Only a fraction of the Far East squadron was present off the Pagoda Anchorage on the morning of 23 August. In particular, none of the Far East squadron's four ironclads was immediately available. Bayard, Courbet's flagship, was at Sharp Peak near the island of Matsu, guarding a vital telegraph station. Atalante was hunting down pirate ships in the Gulf of Tonkin. Courbet had summoned the ironclads Triomphante from Shanghai and La Galissonnière from Keelung to join him off Fuzhou, but La Galissonnière had been detained at Keelung by bad weather, and although Triomphante was approaching the Min River, it was not clear whether she would be able to cross the bar at its entrance.

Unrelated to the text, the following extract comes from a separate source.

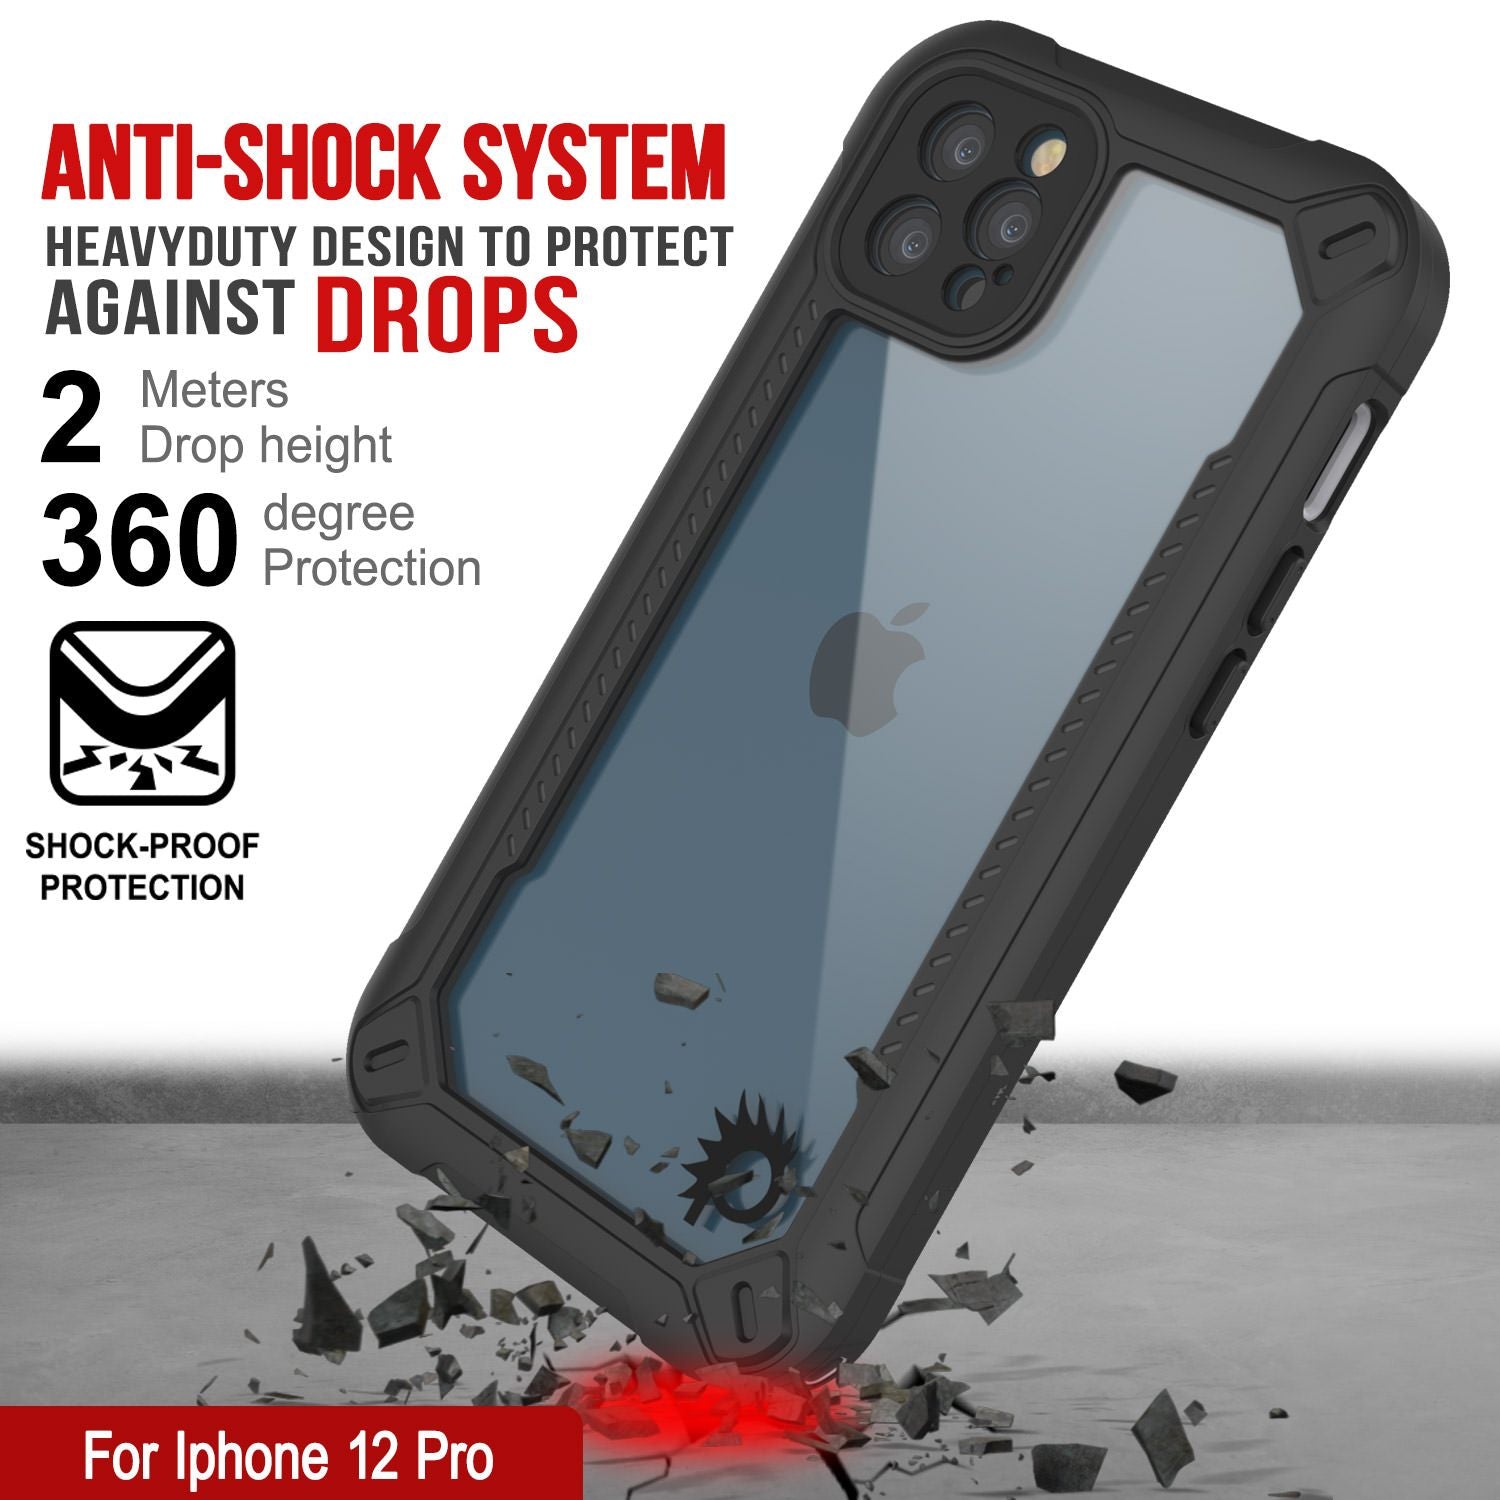 iPhone 12 Pro Waterproof IP68 Case, Punkcase [white]  [Maximus Series] [Slim Fit] [IP68 Certified] [Shockresistant] Clear Armor Cover with Screen Protector | Ultimate Protection

Courbet had under his immediate command the first-class cruisers Duguay-Trouin, Villars and d'Estaing, the third-class cruiser Volta (which he chose as his flagship during the engagement), the gunboats Lynx, Aspic and Vipère and Torpedo Boats No. 45 and No. 46. The second-class cruiser Châteaurenault and the troopship Saône had been left at the Jinpai pass, at the entrance to the Min River, to stop the Chinese from laying a barrage to prevent the squadron's escape.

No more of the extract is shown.